Gilberto had brought along lots of carrots we could feed to the animals, but to get your hands on them, you had to answer one of his many questions, all of them designed to educate us about nature. For example, he said: “There’s a tree within sight of us which grows downward instead of upward. Anyone know which one it is?” We soon discovered he was referring to the amate tree (strangler fig) right next to us, which starts out as a seed dropped by a bird onto a tree branch or a tall rock. It then produces a long, thin root, sometimes many meters long, which eventually reaches the ground.
We soon came to a small lake where three hippopotami were blissfully wallowing. After casually mentioning that more Africans are killed by hippos than by any other animal, Gilberto invited me (only) to help him toss carrots into these big animals’ gaping mouths. I figured he wanted to be sure a last photo of him would appear in Natgeo, just in case we didn’t survive the experience. Well, the hippos turned out to be about as tame as teddy bears and for the first time in my life I got to scratch one on the head. “Don’t worry, all the animals we have here were born in Mexico, in captivity, and are very friendly, except for some of the snakes we are going to see now in the Herpetarium,” said Gilberto. As we continued our drive, we were visited by buffaloes, Nilgai antelopes, a Sika Deer named Elio and a Red Deer called Rogelia.
We walked into the Herpetarium through a giant snakes head, viewed some deadly serpents (all behind glass) and enjoyed a wonderful show where we met, up close, tarantulas, giant toads, baby crocodiles, an African Spurred Tortoise called LaVaca for some reason, and a boa constrictor which it took six people to hold horizontally. It was hard to believe the staff members on stage were all professional veterinarians because they put on a great show.
Our safari took about two and a half hours. Upon our return to the reception area, we were met by Omar Barcena, director of Wildlife Projects. He, too, is a veterinarian who found his vocation when he fell in love with animals as a child. Later in life he came to the conclusion that what will help animals most is educating human beings to respect them and to learn from them. He told us that Isla Grande has been operating for just over a year, and its main focus is on “environmental education while having fun.” It’s not part of some chain, but is autonomous and “unique.” At present the reserve has 120 animals representing 50 species. “Actually, we have 121 now,” he said, “because a baby Watusi was born here recently.”
Barcena says the park will soon have its own restaurant, featuring regional dishes. They’ll also be adding to their repertoire a new show featuring predatory birds, which will include eagles, kites, falcons, owls, crows and vultures. “The star,” says Bárcena proudly, “will be Mexico’s national bird, the Golden Eagle, which weighs six kilos and has a wingspan of two meters ... but you won’t see these birds in cages; you’ll see them in the air, hunting, and flying free.”

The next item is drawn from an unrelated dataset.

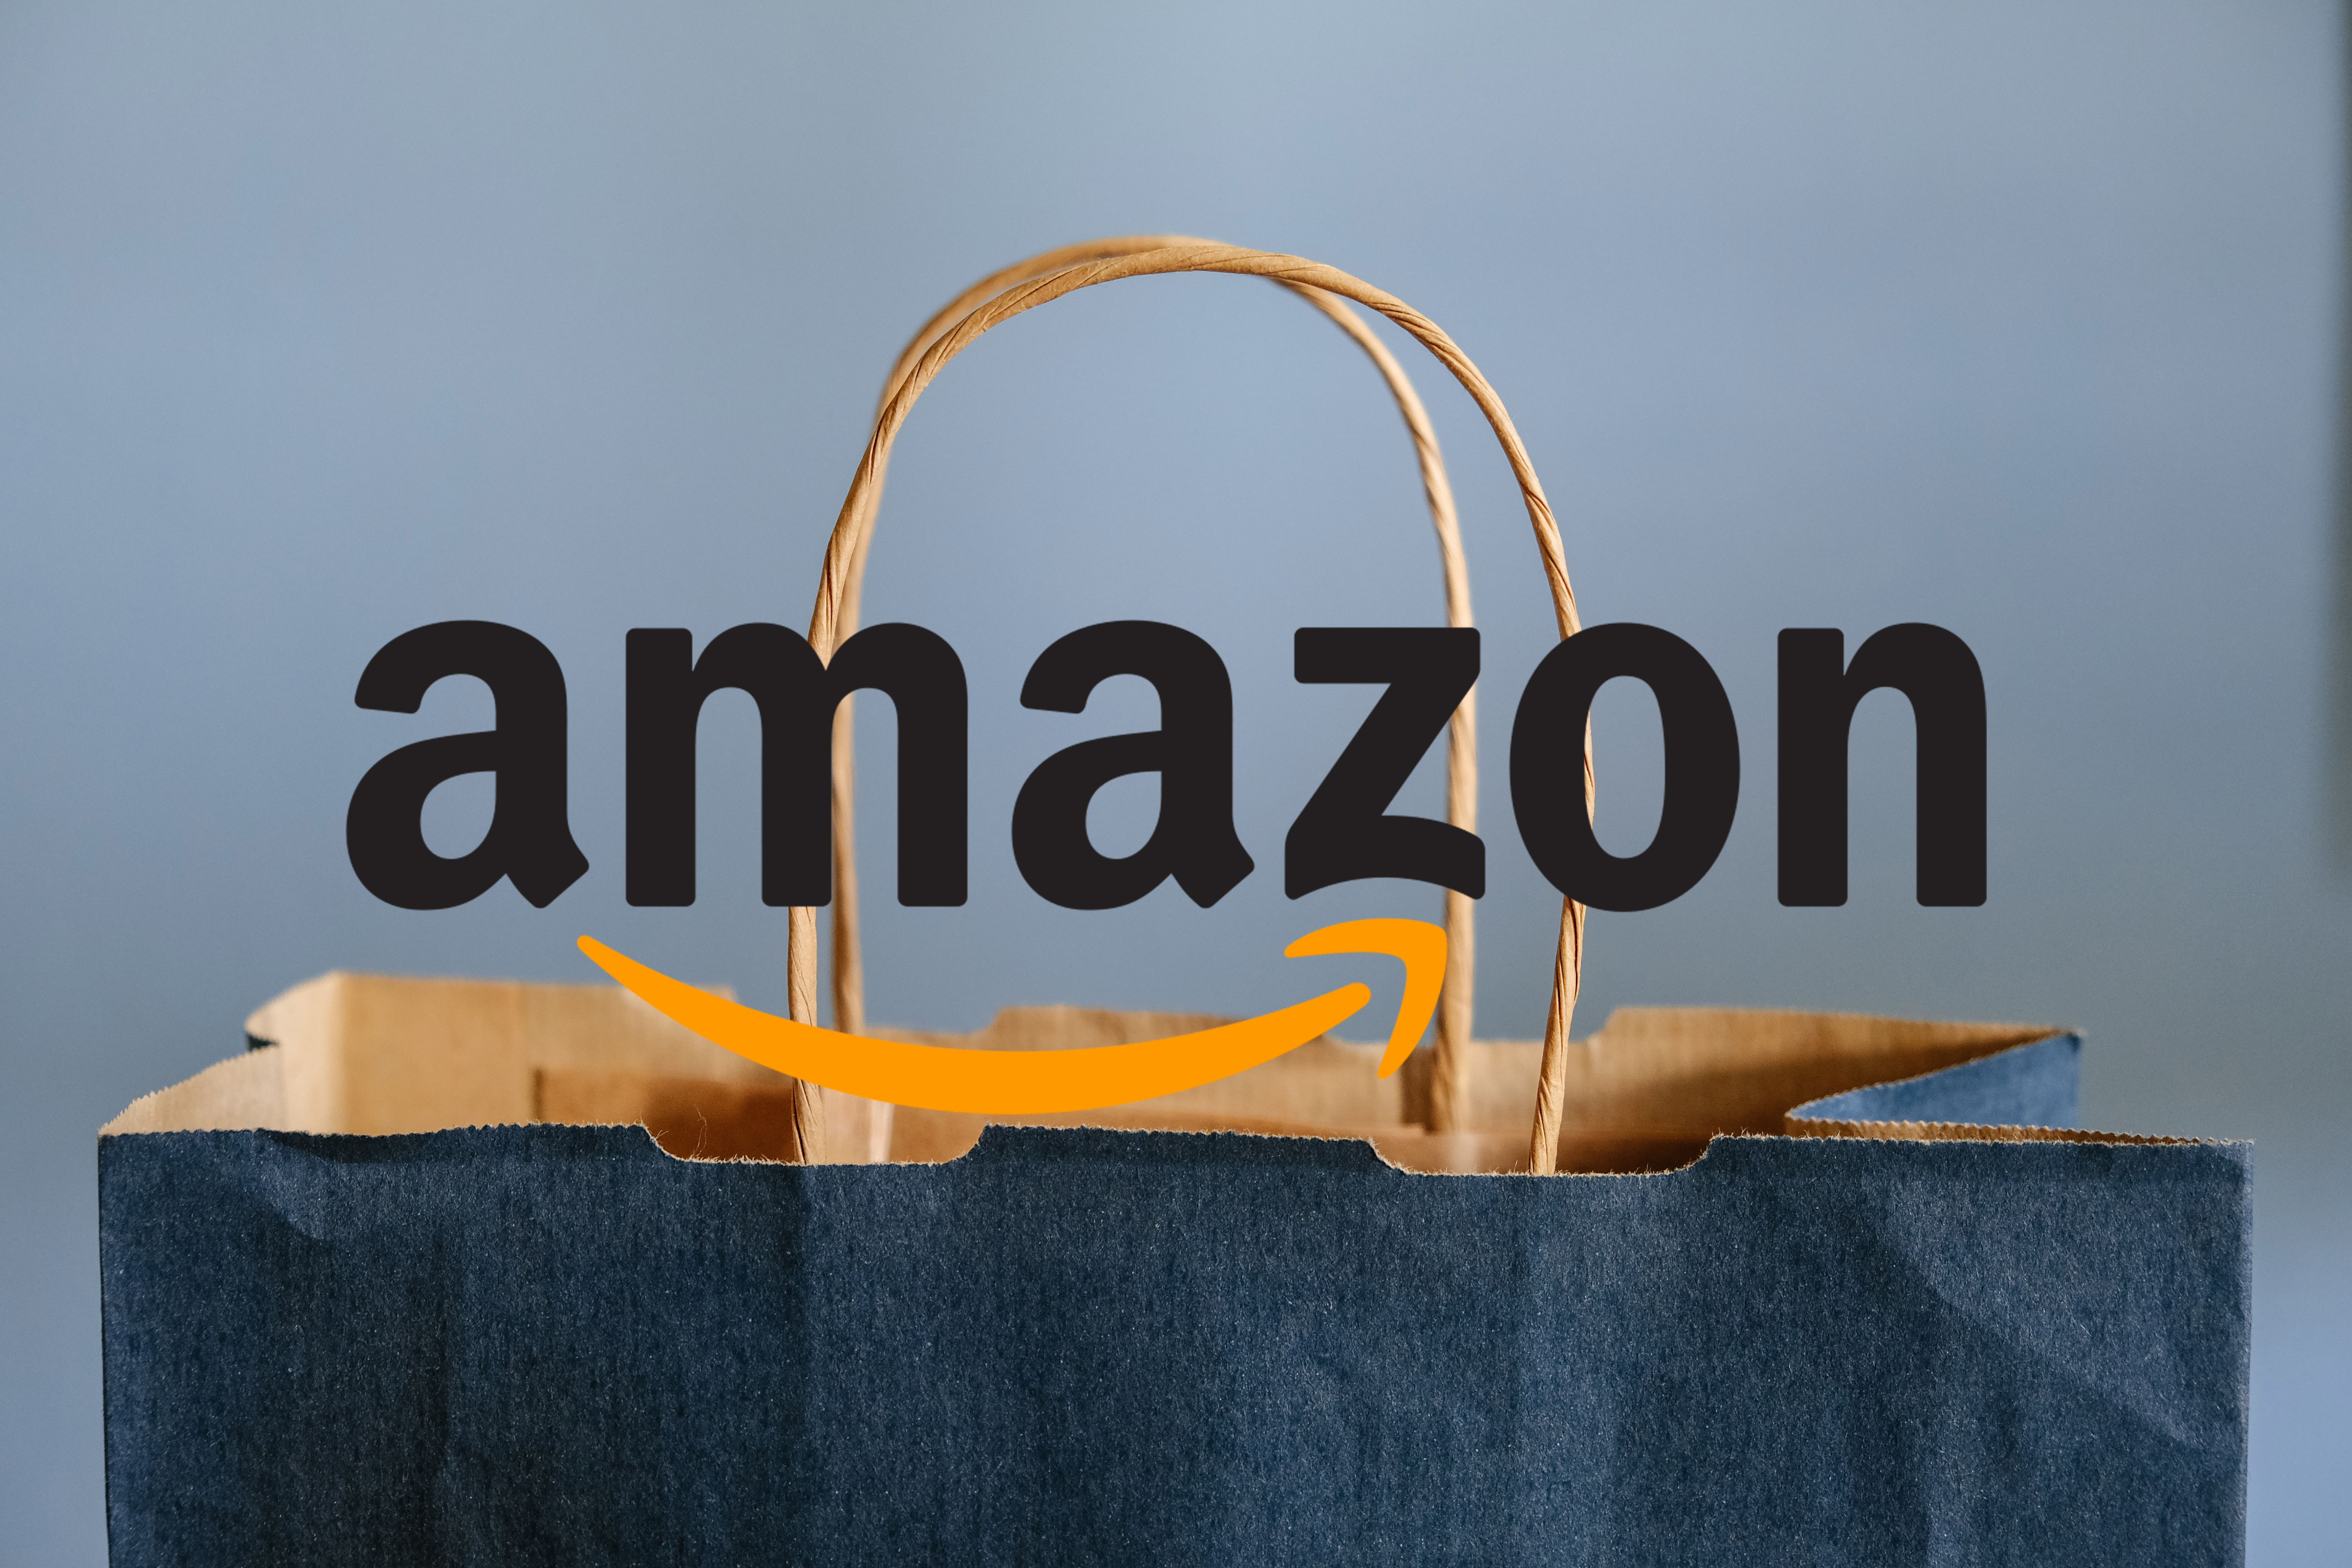 Le coupon promotionnel Amazon - startup-bootcamp.fr

If you’d like to get up close to animals you won’t find in the pet shop, head for Isla Grande, which is open on weekends and holidays from 10 a.m. to 6 p.m. The last safari bus leaves at 4:30 p.m. Adults pay 150 pesos, kids 90 pesos and golden-agers get a 50-percent discount.
How to get there
Take toll road 54 south, heading for Colima. Watch for the Atoyac exit and then follow the signs for Atoyac. You’ll go straight to a big roundabout (N20.01729 W103.53594) where you’ll see a large arch indicating the road to Isla Grande. Go straight southwest 2.7 kilometers to the reserve entrance (N20.00180 W103.55529). Driving time from Guadalajara is about one hour and 15 minutes.